RECORDED INFORMATION START
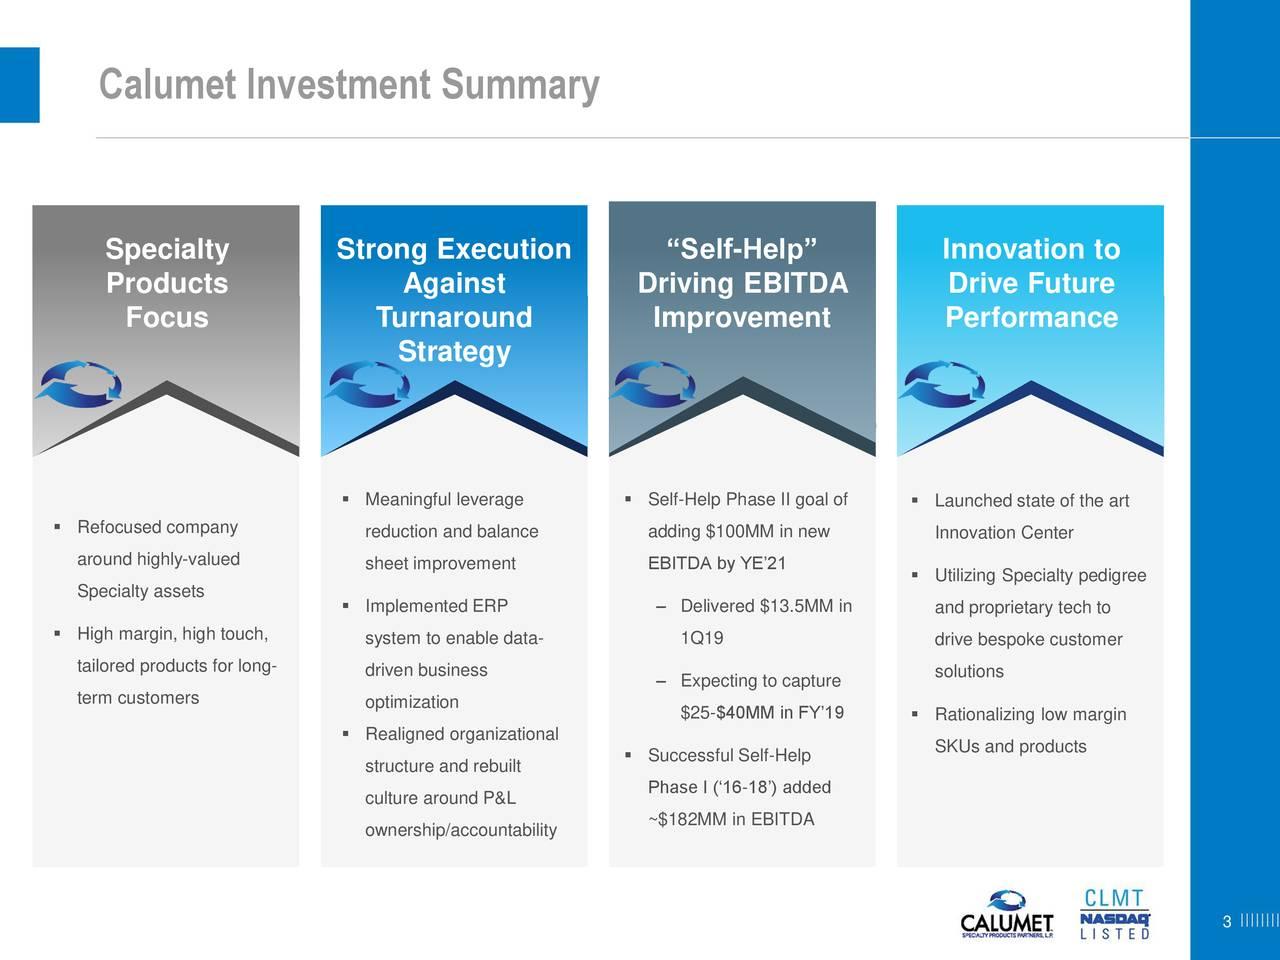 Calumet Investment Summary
RECORDED INFORMATION END
RECORDED INFORMATION START
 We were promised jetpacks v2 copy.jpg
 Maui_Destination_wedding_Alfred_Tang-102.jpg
RECORDED INFORMATION END
RECORDED INFORMATION START
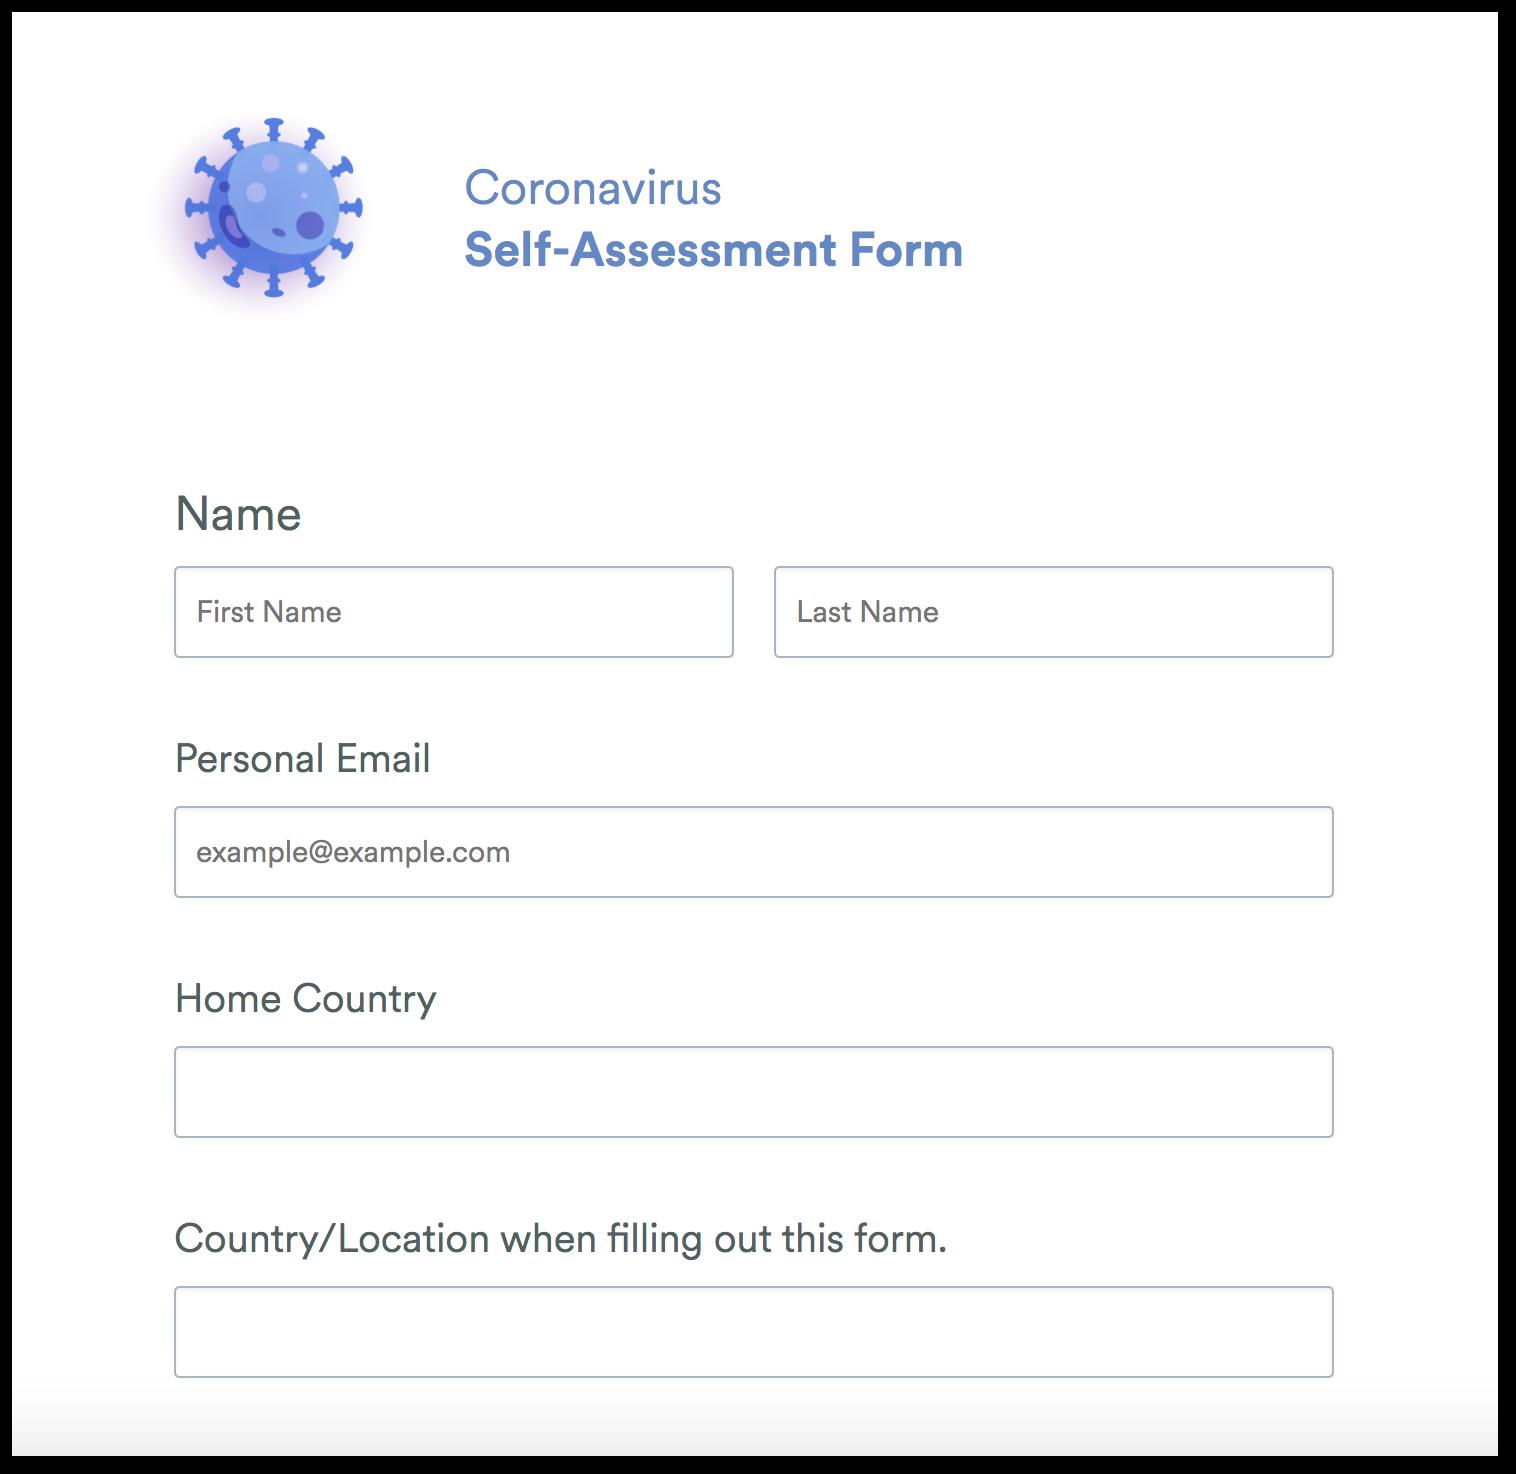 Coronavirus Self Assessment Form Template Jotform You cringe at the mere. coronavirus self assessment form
RECORDED INFORMATION END
> WHAT TO PRODUCE: When the line with "We were promised jetpacks v2 copy.jpg" is reached in the data above, begin copying, and stop after the line with "Maui_Destination_wedding_Alfred_Tang-102.jpg"; copy each line exactly, both ends included.

> RESPONSE:
 We were promised jetpacks v2 copy.jpg
 Maui_Destination_wedding_Alfred_Tang-102.jpg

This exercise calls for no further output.